>>>>
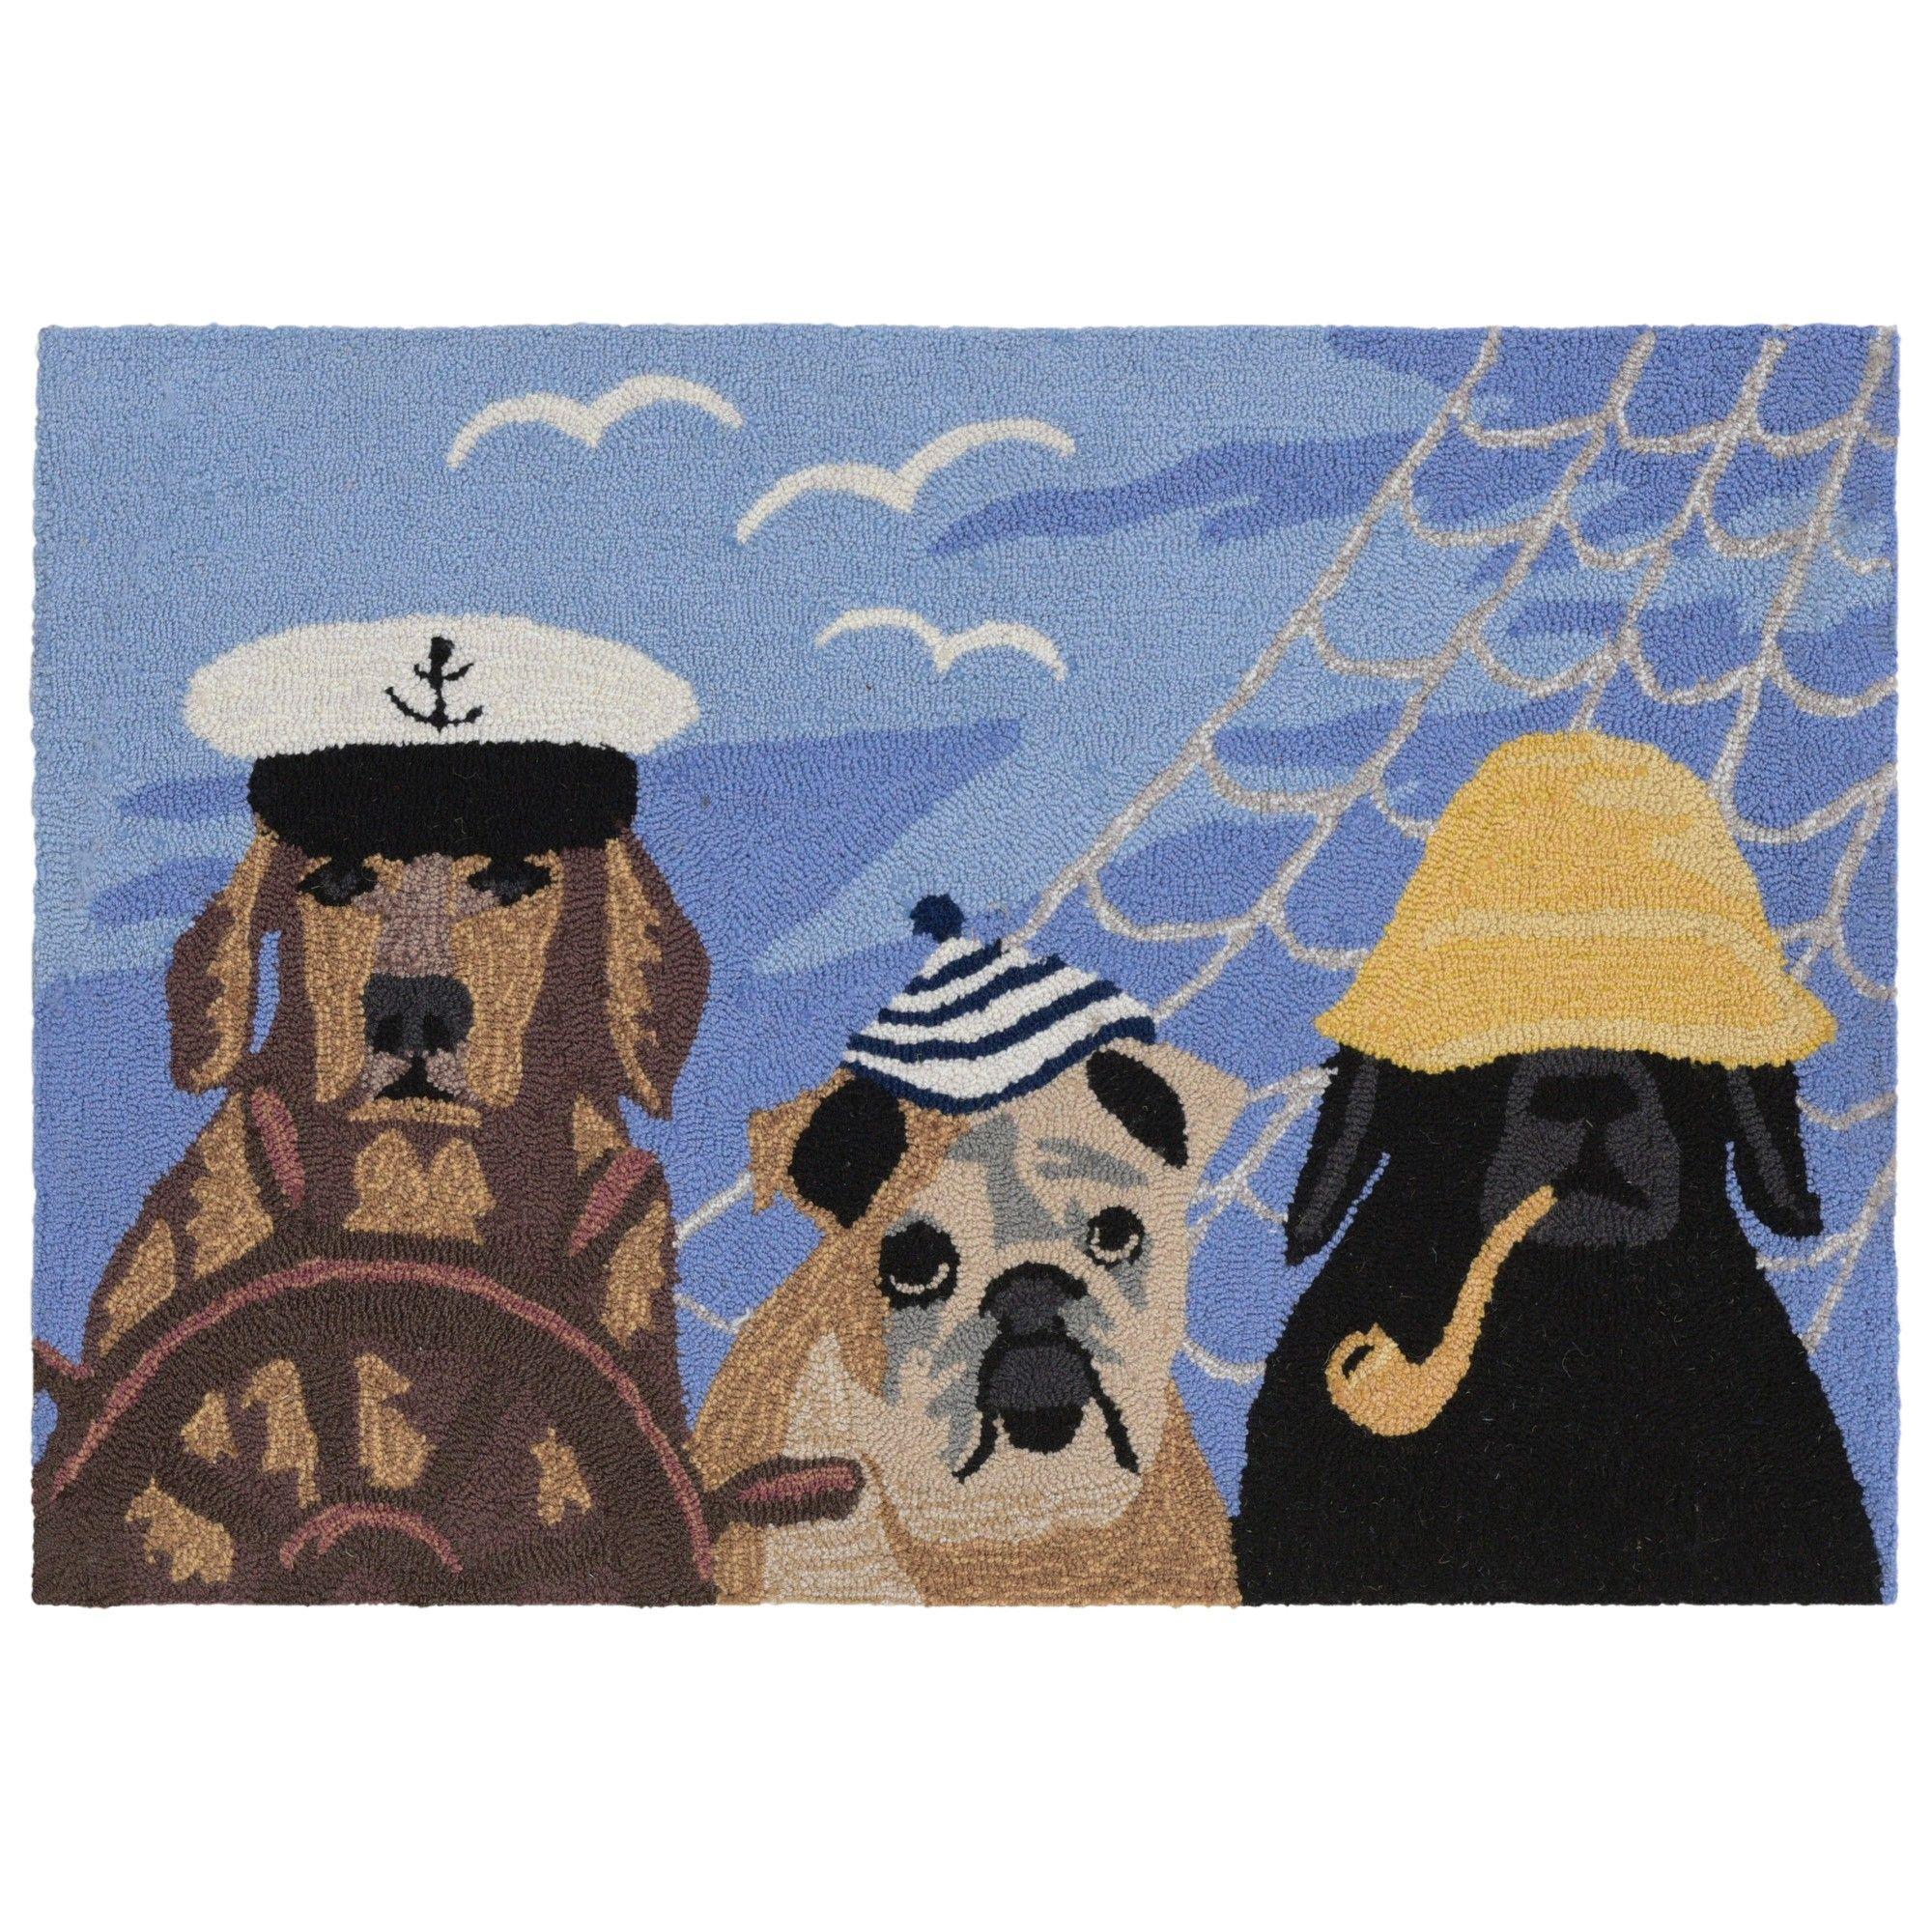 2 6x4 Dogs Accent Rug Ocean Blue Liora Manne
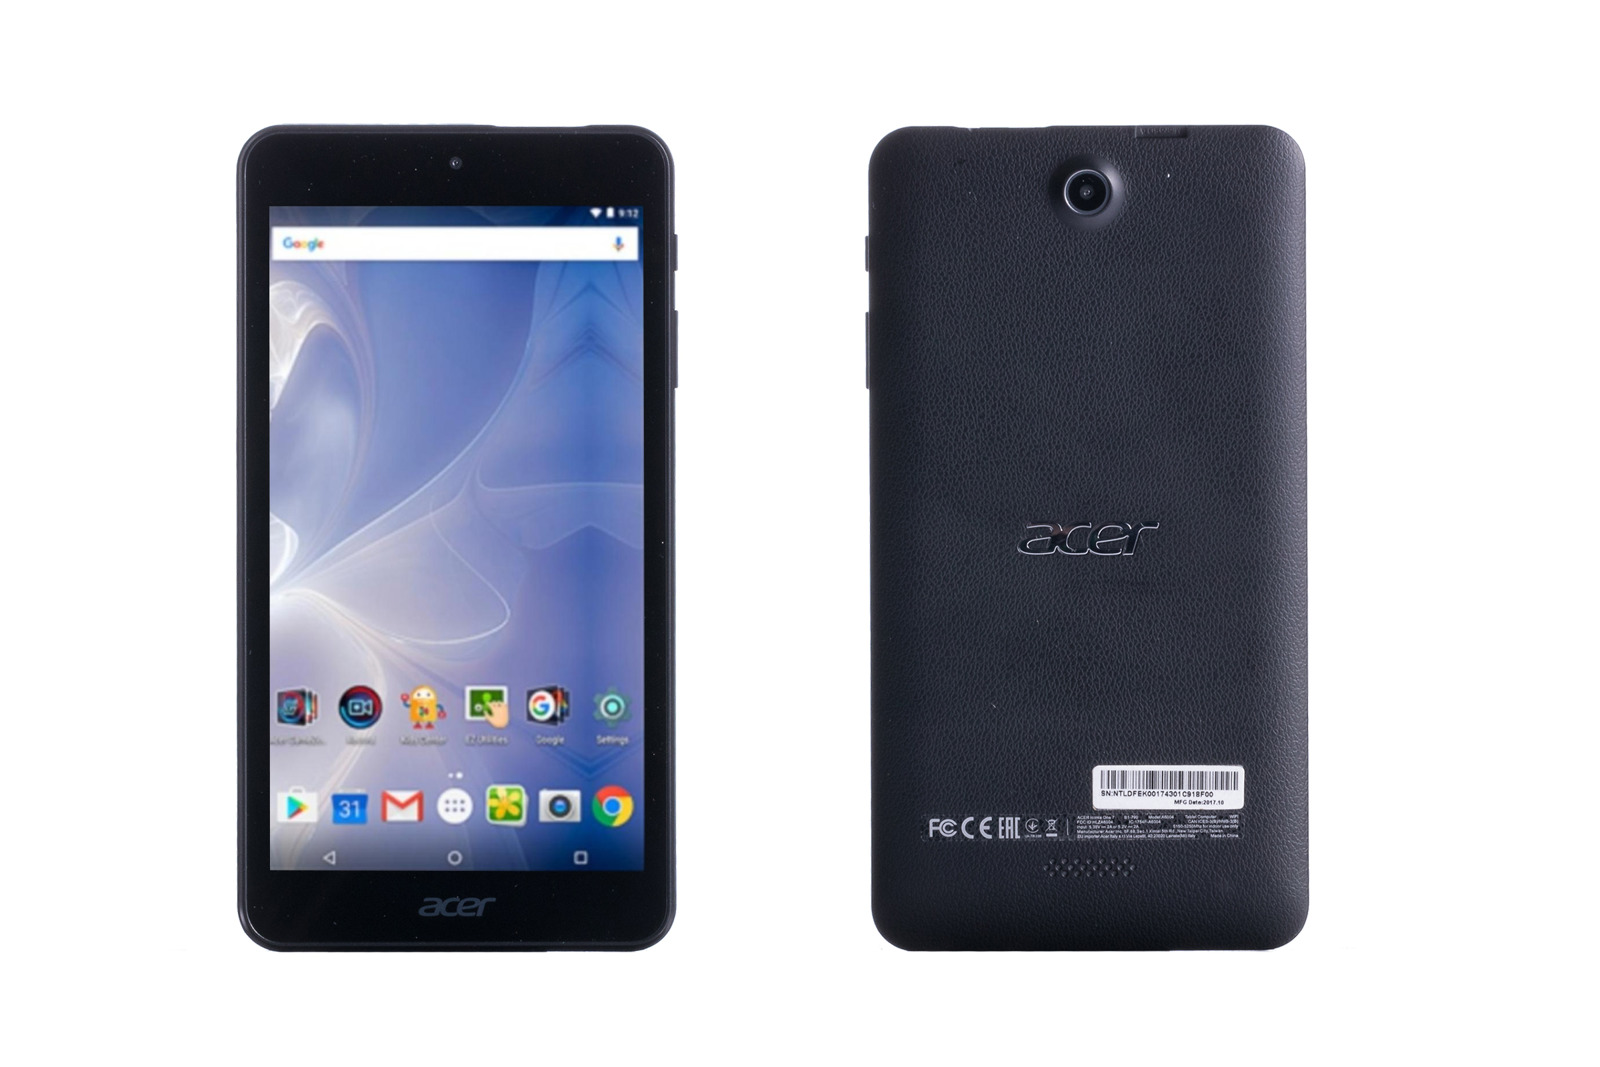 Tablet Acer Iconia One 7 16GB Wi-Fi Black B1-790 Grade B
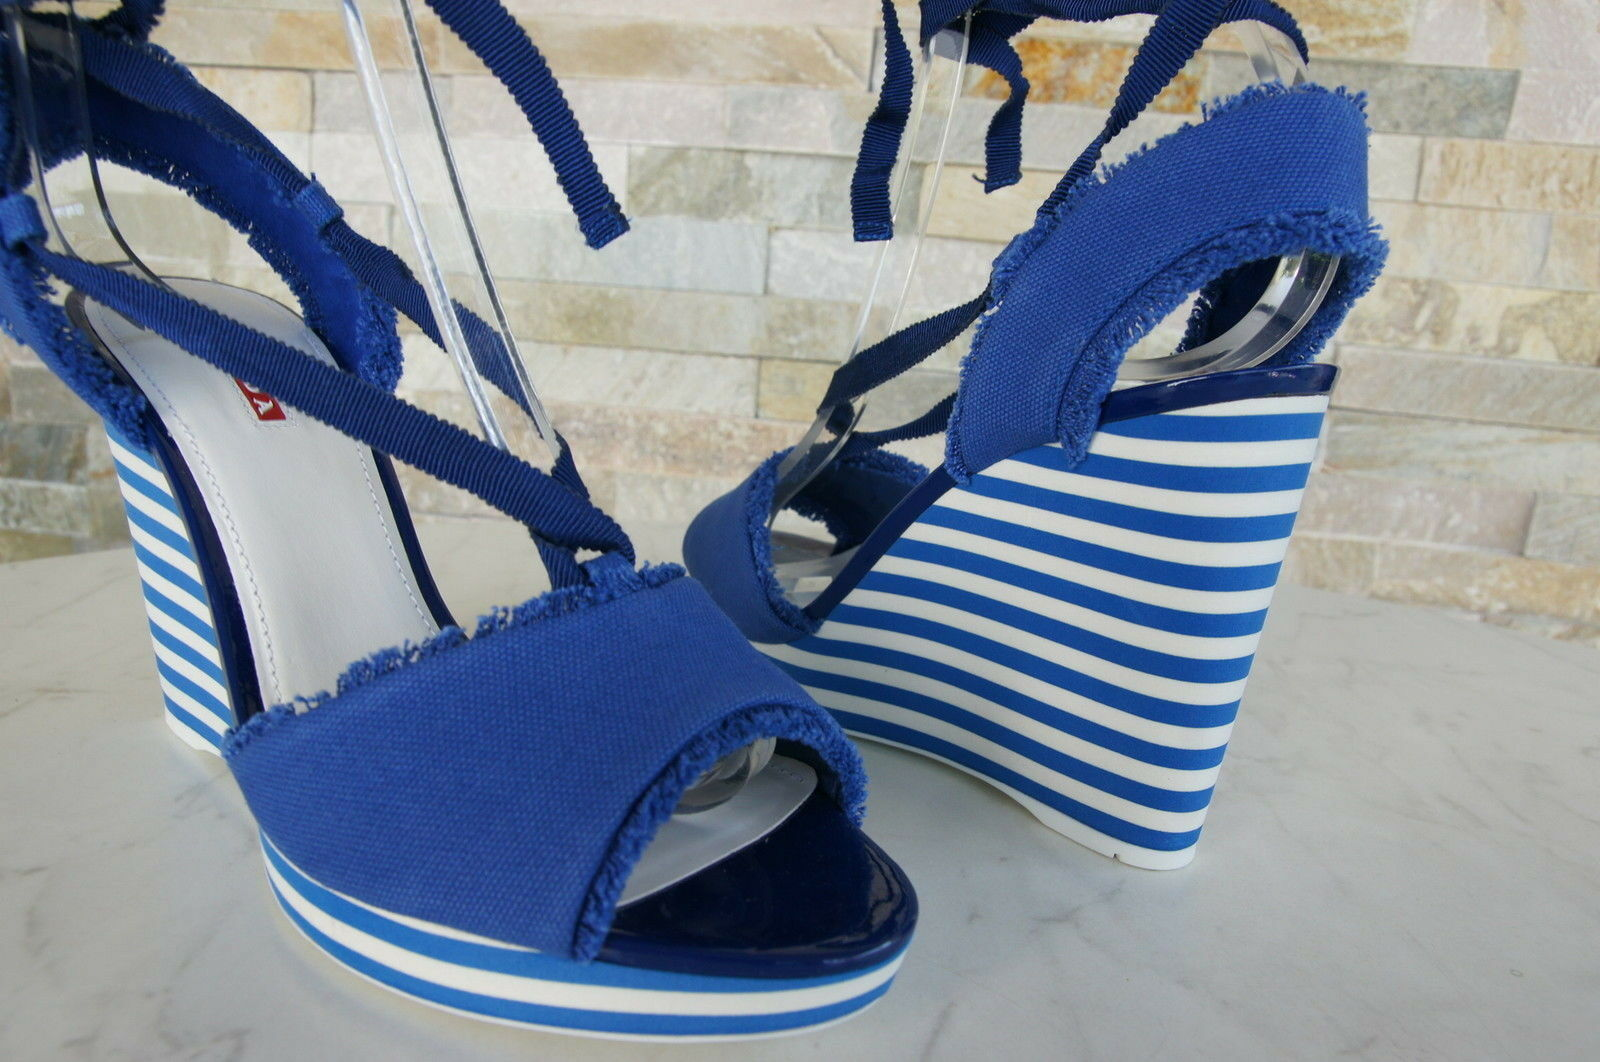 PRADA Gr 40 Keil Plateau Sandaletten Sandales Sandales Sandales Schuhe kobalt blau Blau NEU 82f3e5
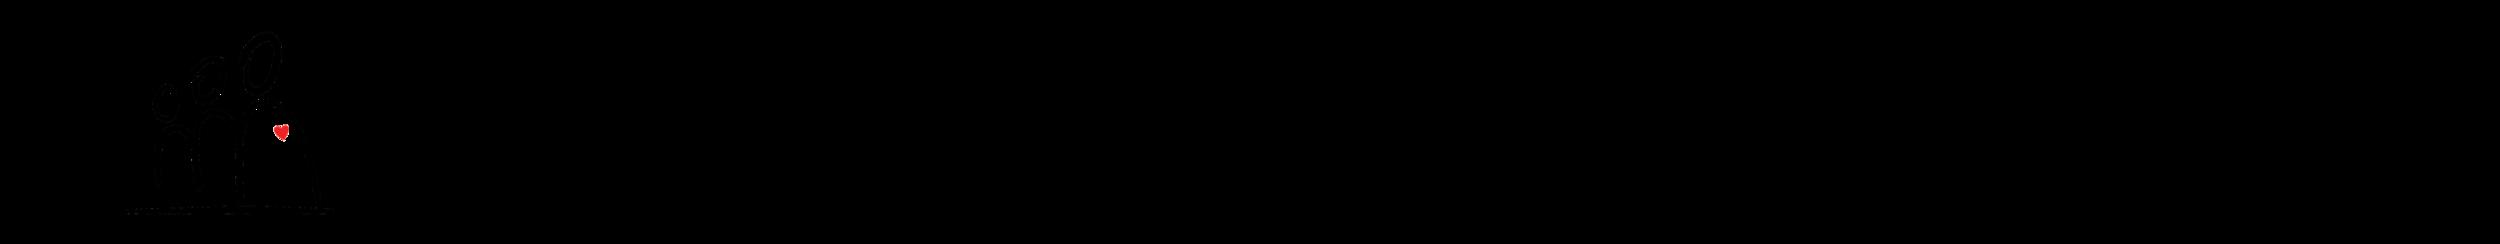 black logo text.png
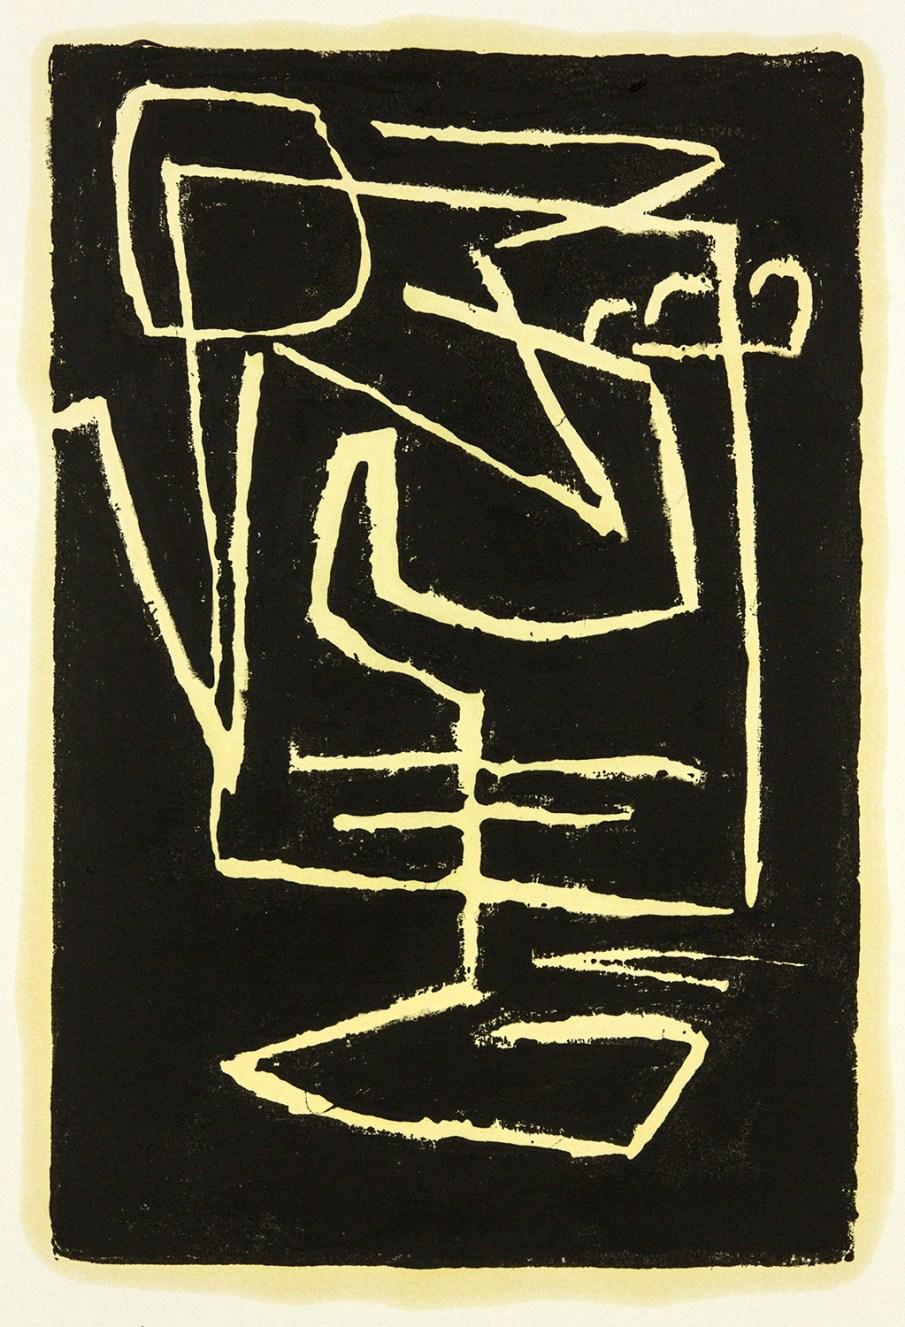 Still Life, monoprint, ink on paper, 17 X 14, 2020
<<<<
Every record above should be written out again exactly; the pictures stay out of the copy.

_Problem solution_:
 2 6x4 Dogs Accent Rug Ocean Blue Liora Manne
 Tablet Acer Iconia One 7 16GB Wi-Fi Black B1-790 Grade B
 PRADA Gr 40 Keil Plateau Sandaletten Sandales Sandales Sandales Schuhe kobalt blau Blau NEU 82f3e5
 black logo text.png
 Still Life, monoprint, ink on paper, 17 X 14, 2020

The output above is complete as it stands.